Data:
━━━━━━

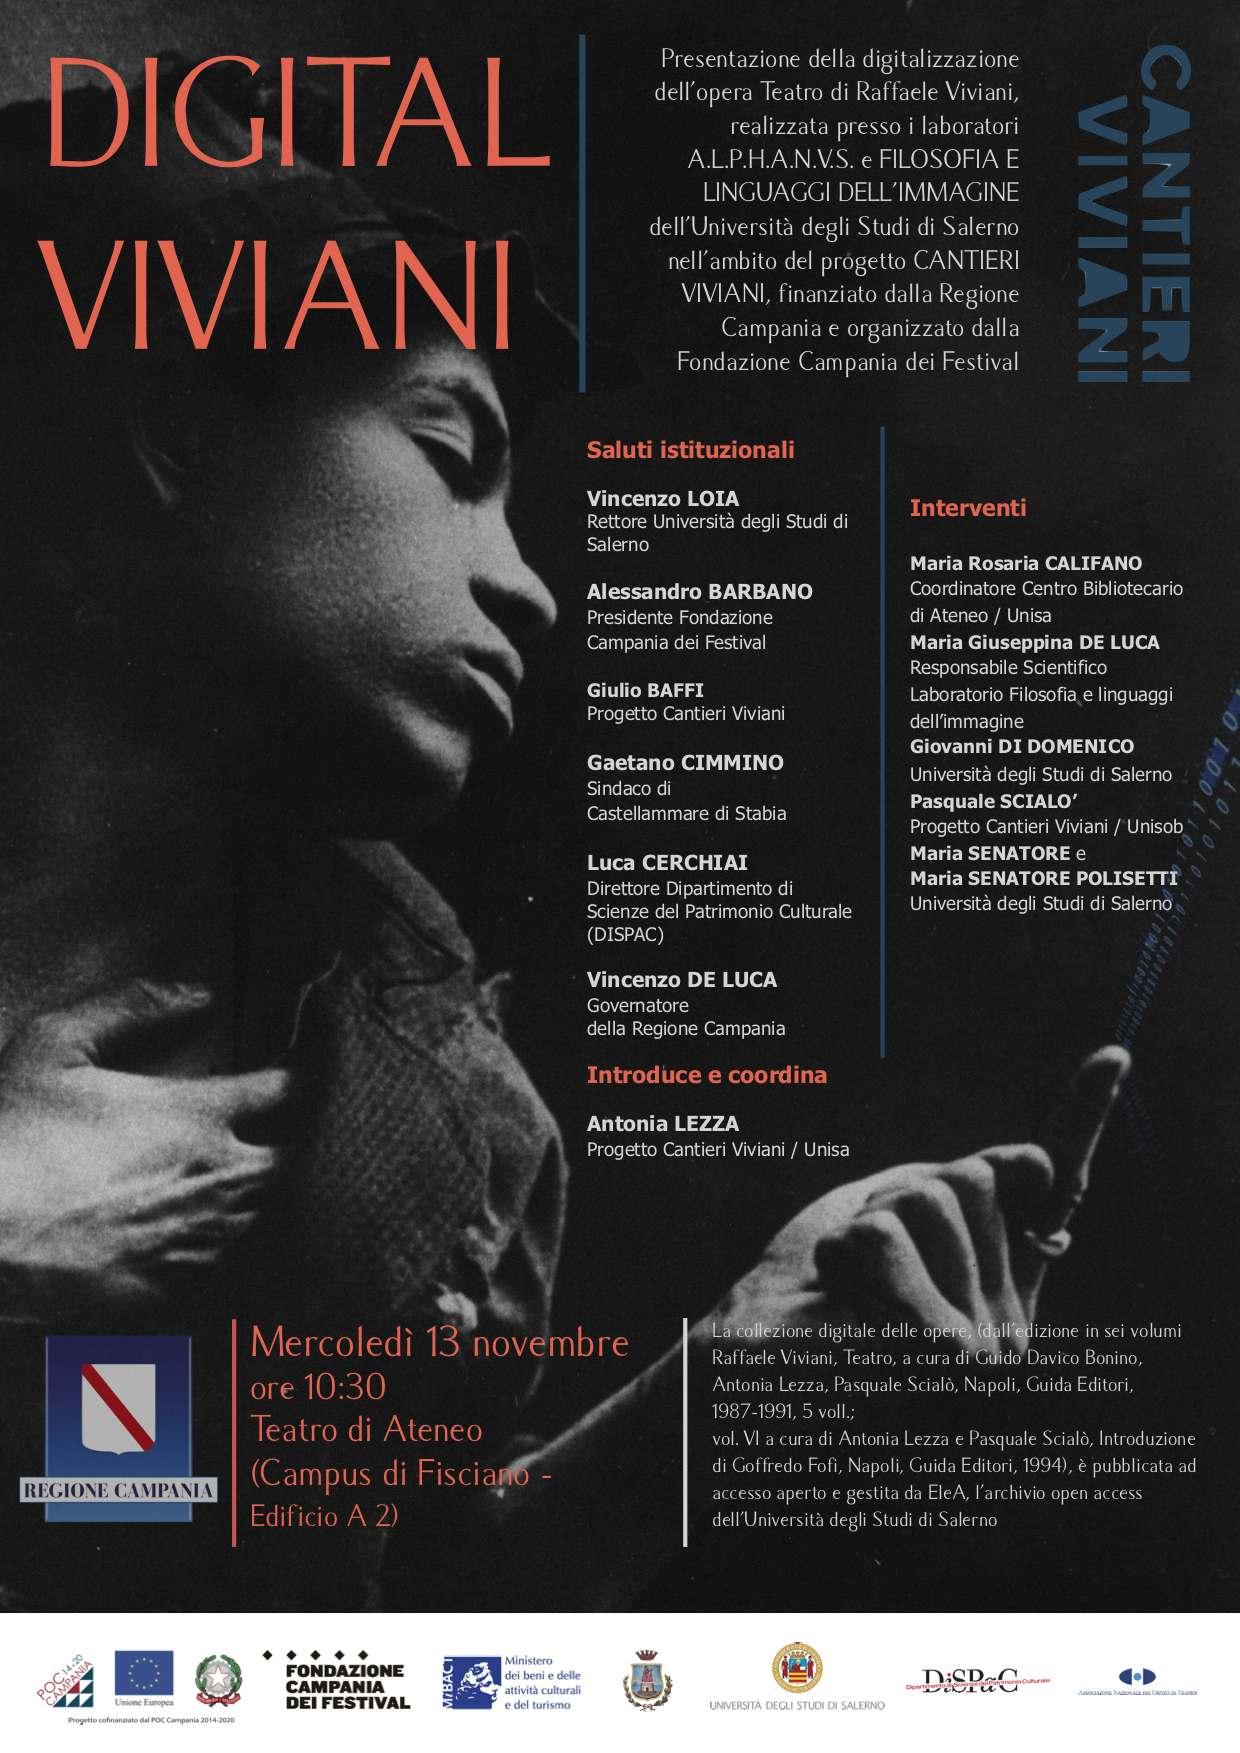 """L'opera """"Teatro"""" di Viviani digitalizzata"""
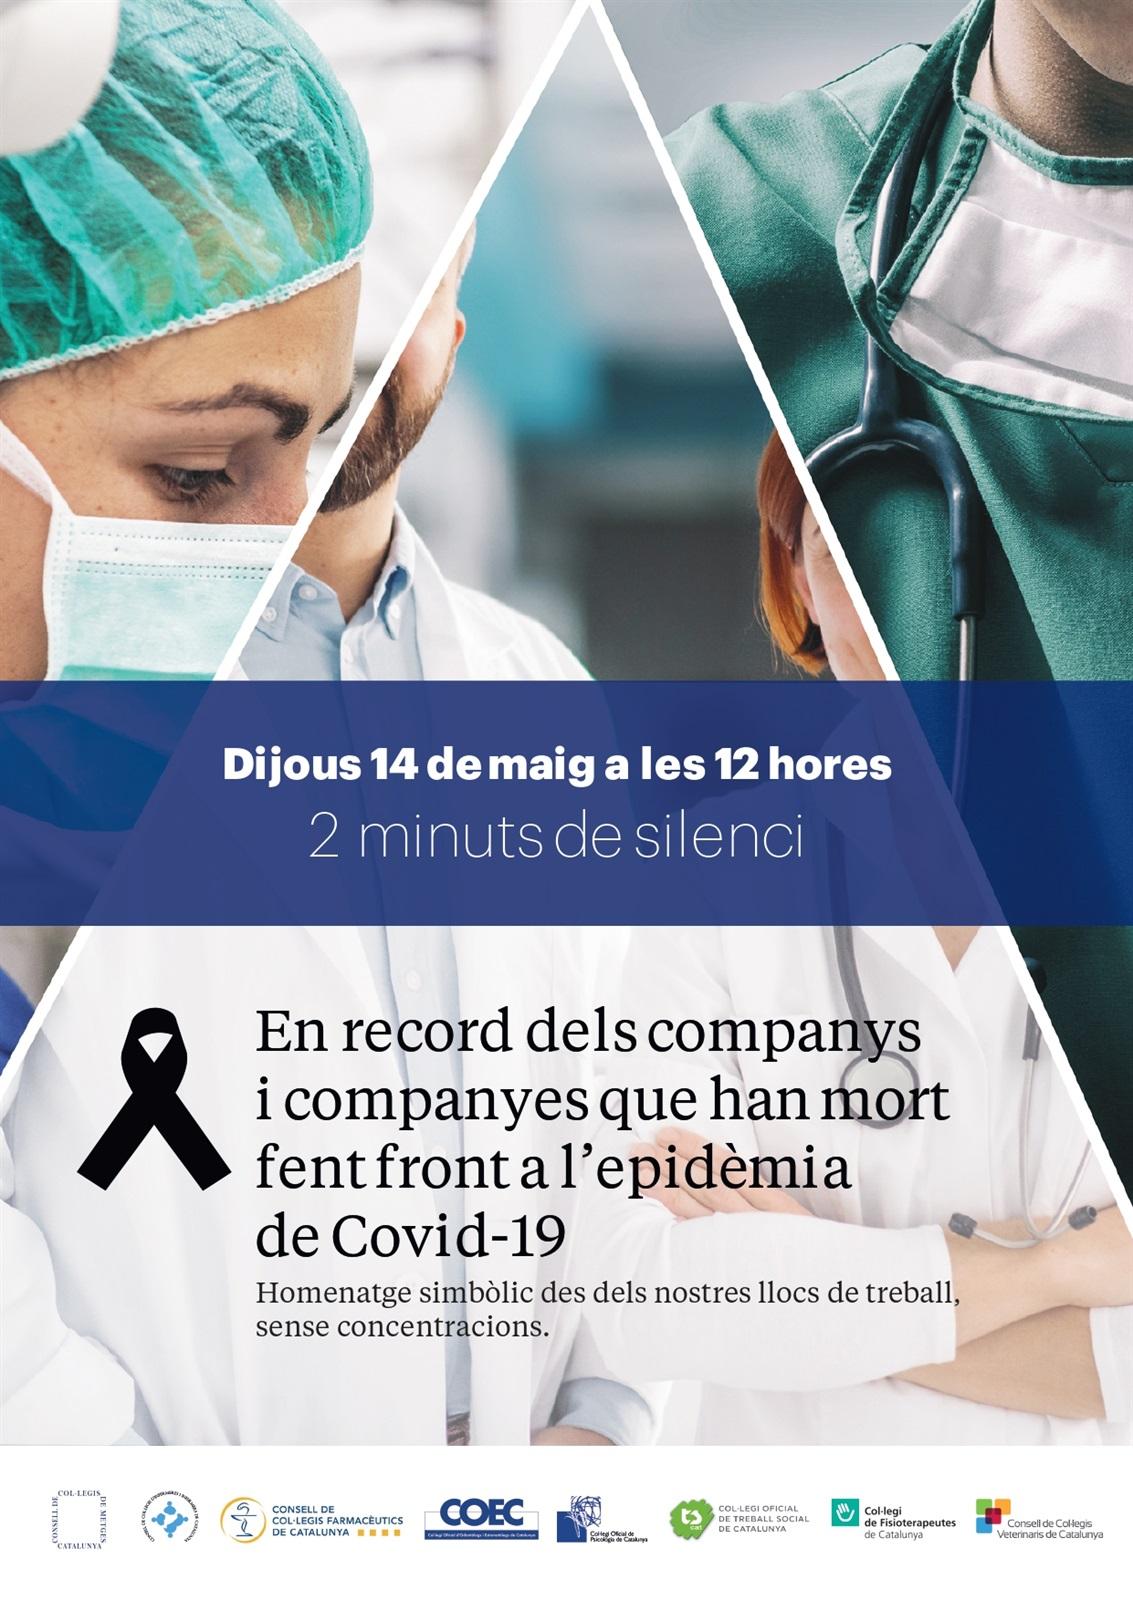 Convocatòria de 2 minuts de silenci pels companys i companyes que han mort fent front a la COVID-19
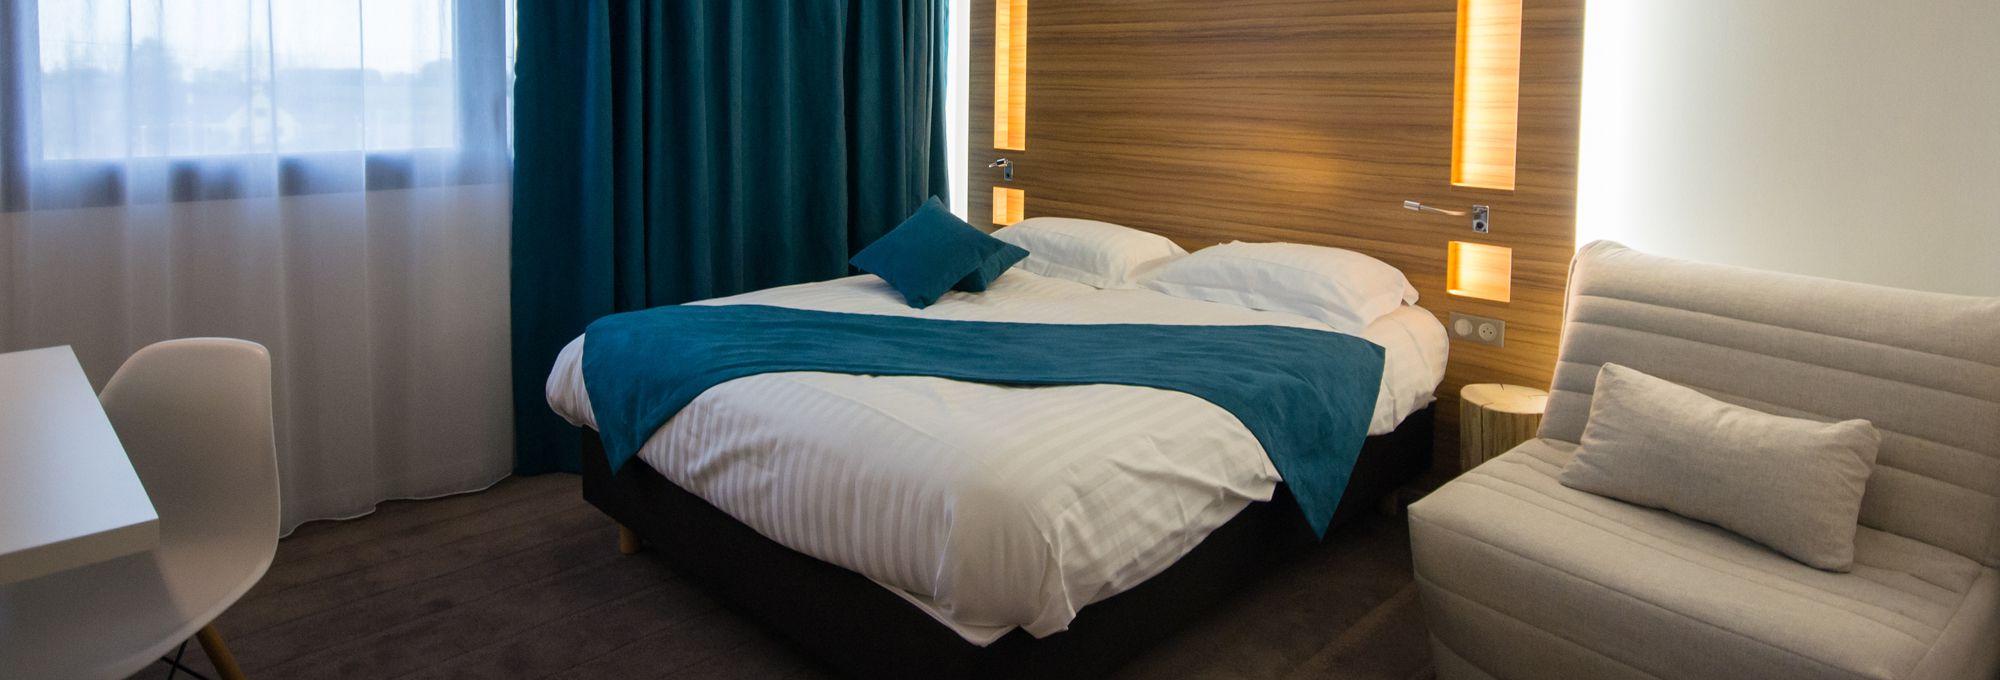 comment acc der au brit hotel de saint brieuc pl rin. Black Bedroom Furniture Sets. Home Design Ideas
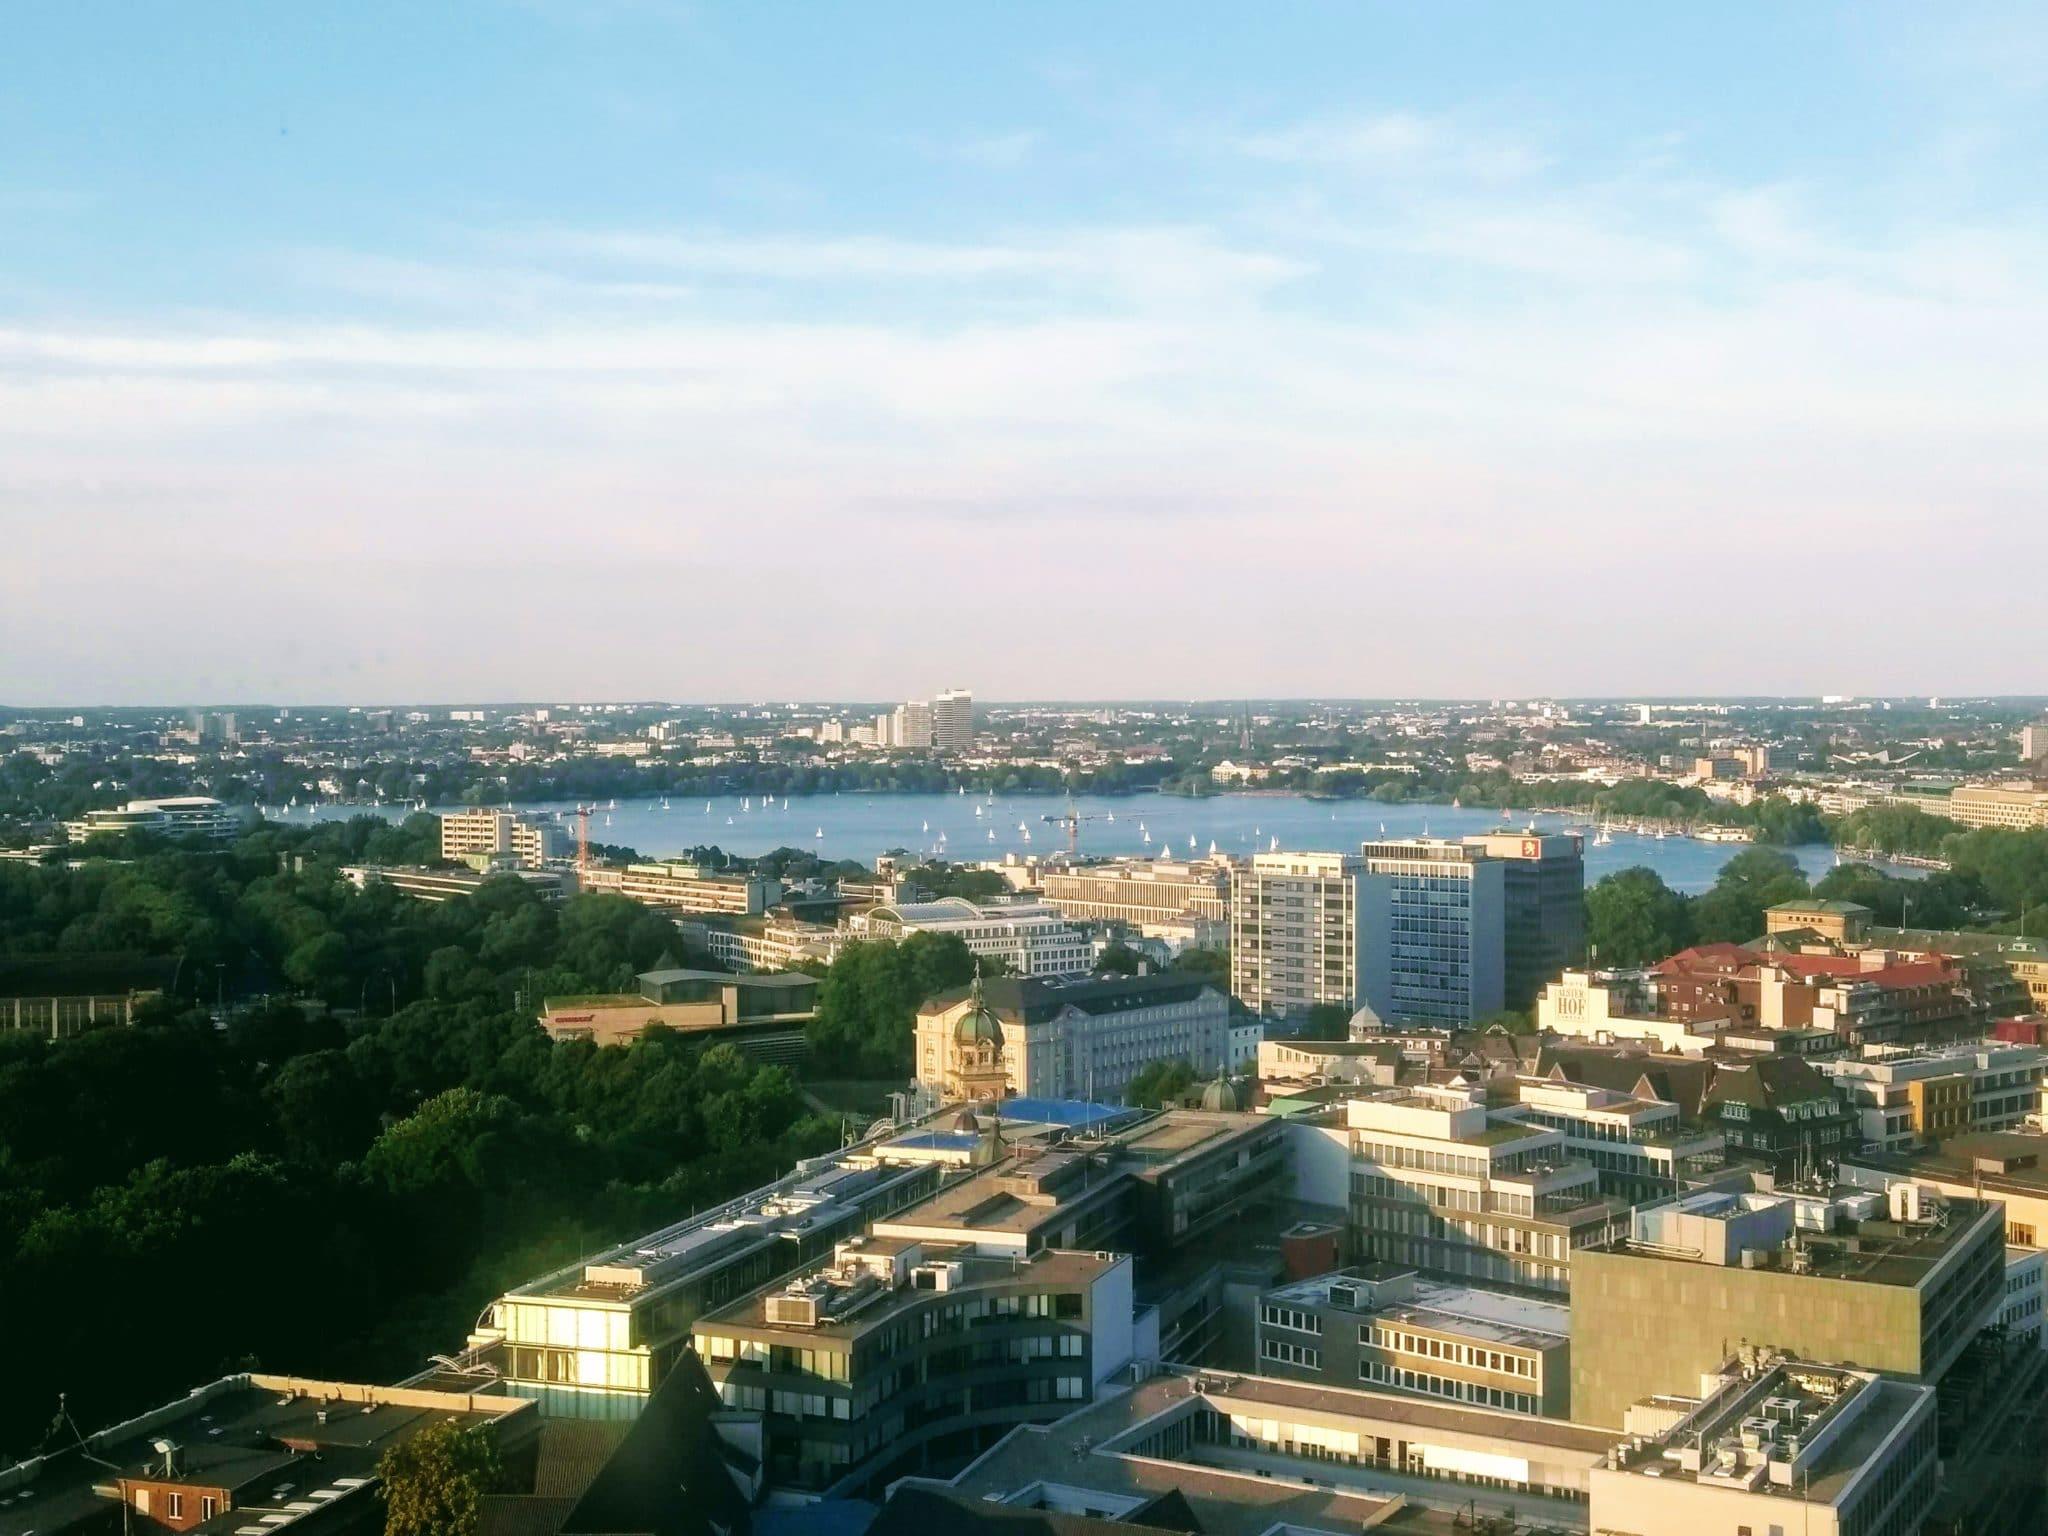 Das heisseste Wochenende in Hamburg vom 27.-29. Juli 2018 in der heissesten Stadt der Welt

━━━━━━

Activity: Could you write out the whole listing exactly, skipping every picture?

Response below:
 """L'opera """"Teatro"""" di Viviani digitalizzata"""
 Convocatòria de 2 minuts de silenci pels companys i companyes que han mort fent front a la COVID-19
 comment acc der au brit hotel de saint brieuc pl rin. Black Bedroom Furniture Sets. Home Design Ideas
 Das heisseste Wochenende in Hamburg vom 27.-29. Juli 2018 in der heissesten Stadt der Welt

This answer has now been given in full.